Serializability is the major criterion for the correctness of concurrent transactions' executions (i.e., transactions that have overlapping execution time intervals, and possibly access same shared resources), and a major goal for concurrency control. As such it is supported in all general purpose database systems. The rationale behind it is the following: If each transaction is correct by itself, then any serial execution of these transactions is correct. As a result, any execution that is equivalent (in its outcome) to a serial execution, is correct.

Schedules that are not serializable are likely to generate erroneous outcomes. Well known examples are with transactions that debit and credit accounts with money.

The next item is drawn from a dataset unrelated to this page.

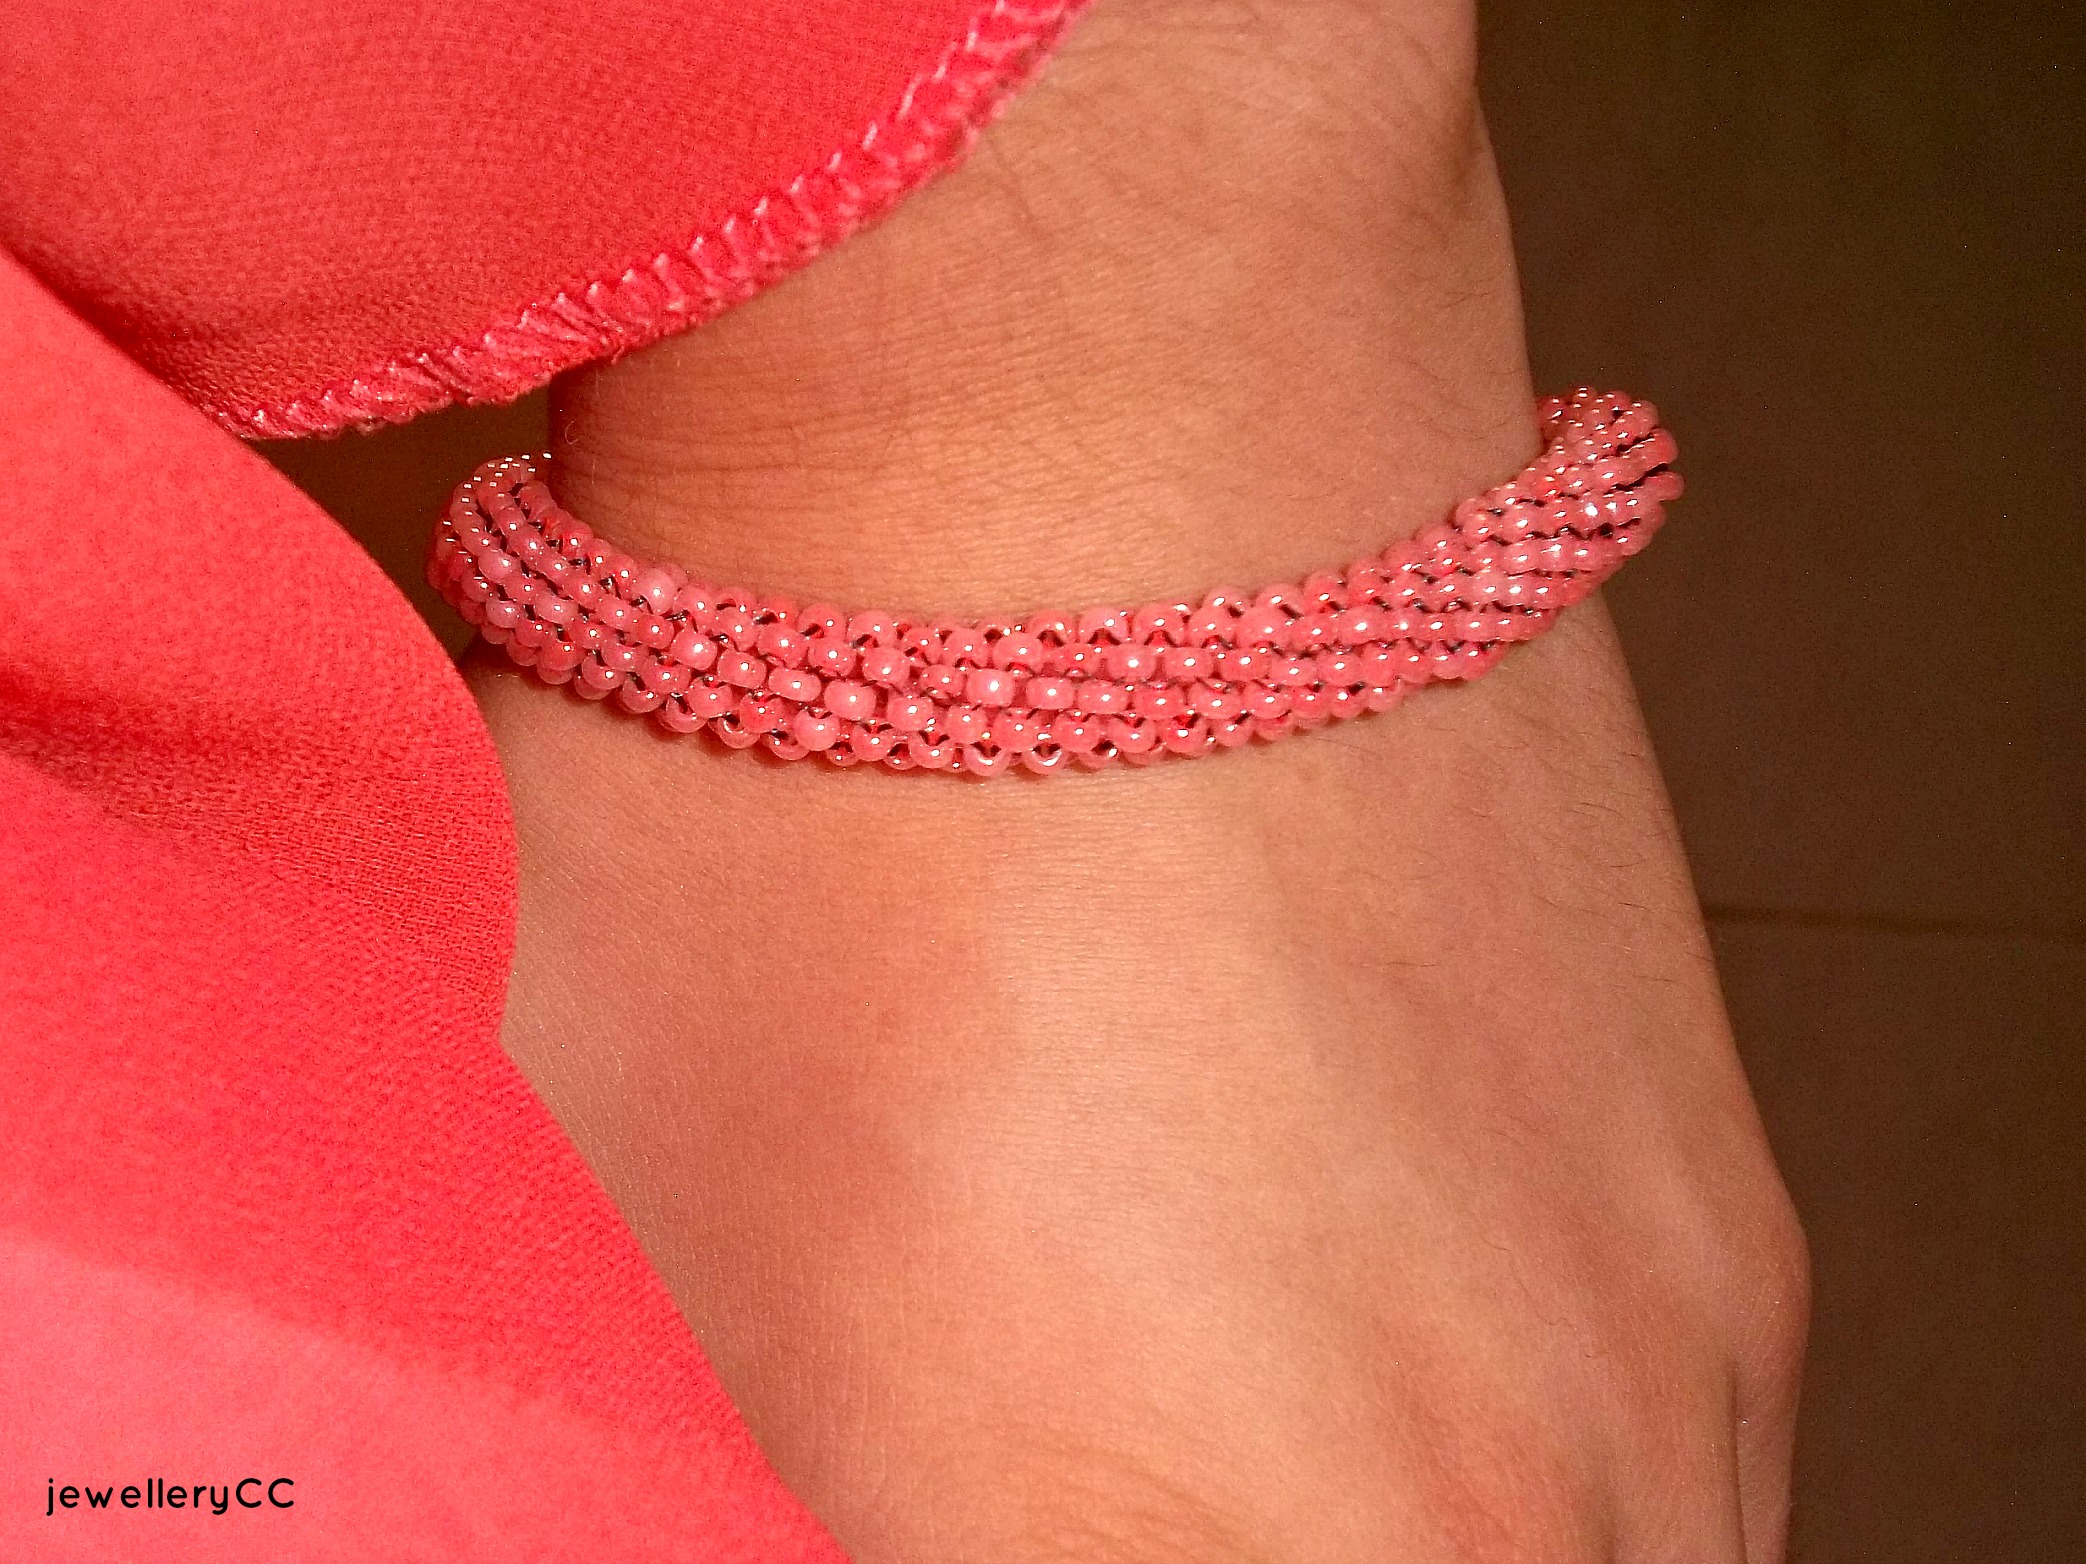 Pink beaded bracelet close up
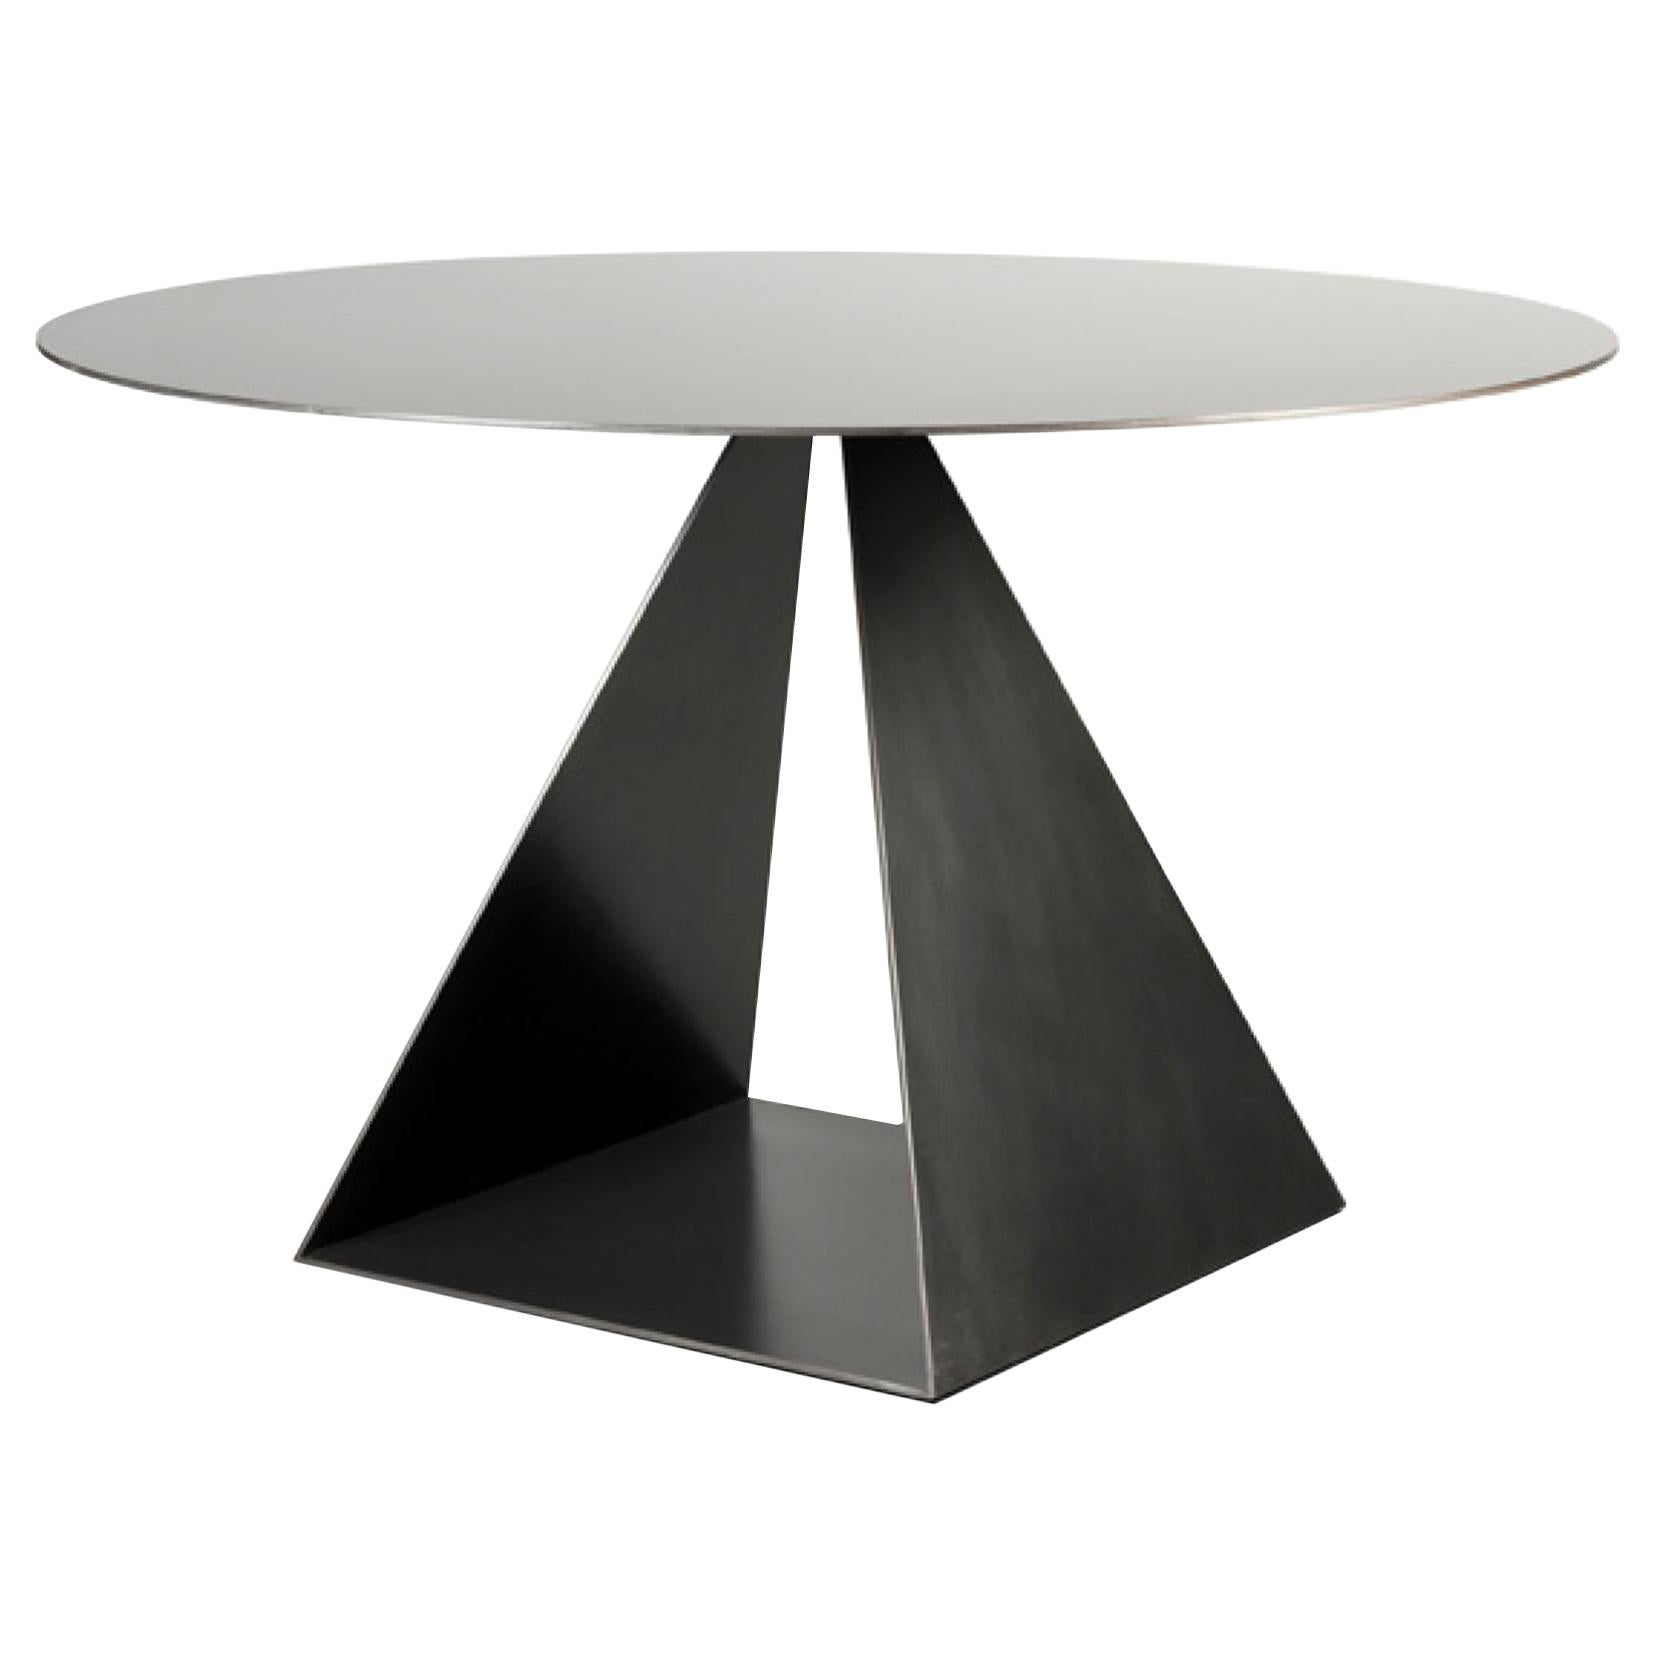 Geometric Triangle Round Top Metal Dining Table Blackened Finish customizable

If the related schedules are not serializable, then the total sum of money may not be preserved. Money could disappear, or be generated from nowhere. This is caused by one transaction writing, and "stepping on" and erasing what has been written by another transaction before it has become permanent in the database. This does not happen if serializability is maintained.

[edit] Correctness - Recoverability

In systems where transactions can abort (virtually all real systems), serializability by itself is not sufficient for correctness. Schedules also need to possess the Recoverability property. Recoverability means that committed transactions have not read data written by aborted transactions (whose effects do not exist in the resulting database states). While serializability can be compromised in many applications, compromising recoverability always violates the database's integrity.

[edit] Relaxing serializability

In many applications, unlike with finances, absolute correctness is not needed. For example, when retrieving a list of products according to specification, in most cases it does not matter much if a product, whose data was updated a short time ago, does not appear in the list, even if it meets the specification. It will typically appear in such a list when tried again a short time later. Commercial databases provide concurrency control with a whole range of (controlled) serializability violations (see isolation levels) in order to achieve higher performance, when the application can tolerate such violations. Higher performance means better transaction execution rate and shorter transaction response time (transaction duration).

[edit] View serializability and Conflict serializability

Two major types of serializability exist: View serializability, and Conflict serializability. Any schedule with the latter property also has the first property. However, conflict serializability is easier to achieve, and is widely utilized.

View serializability of a schedule is defined by equivalence to a serial schedule with the same transactions, such that respective transactions in the two schedules read and write the same data values ("view" the same data values).

Conflict serializability is defined by equivalence to a serial schedule with the same transactions, such that both schedules have the same sets of respective ordered (by time) pairs of conflicting operations (same precedence relations of respective conflicting operations). Two operations (read or write) are conflicting if they are of different transactions, upon the same data item, and at least one of them is write. A more general definition of conflicting operations (also for complex operations, which may consist each of several "simple" read/write operations) requires that they are noncommutative (changing their order also changes their combined result). Each such operation needs to be atomic by itself (by proper system support) in order to be commutative (nonconflicting) with the other. For example, the operations increment and decrement of a counter are both write operations, but do not need to be considered conflicting since they are commutative.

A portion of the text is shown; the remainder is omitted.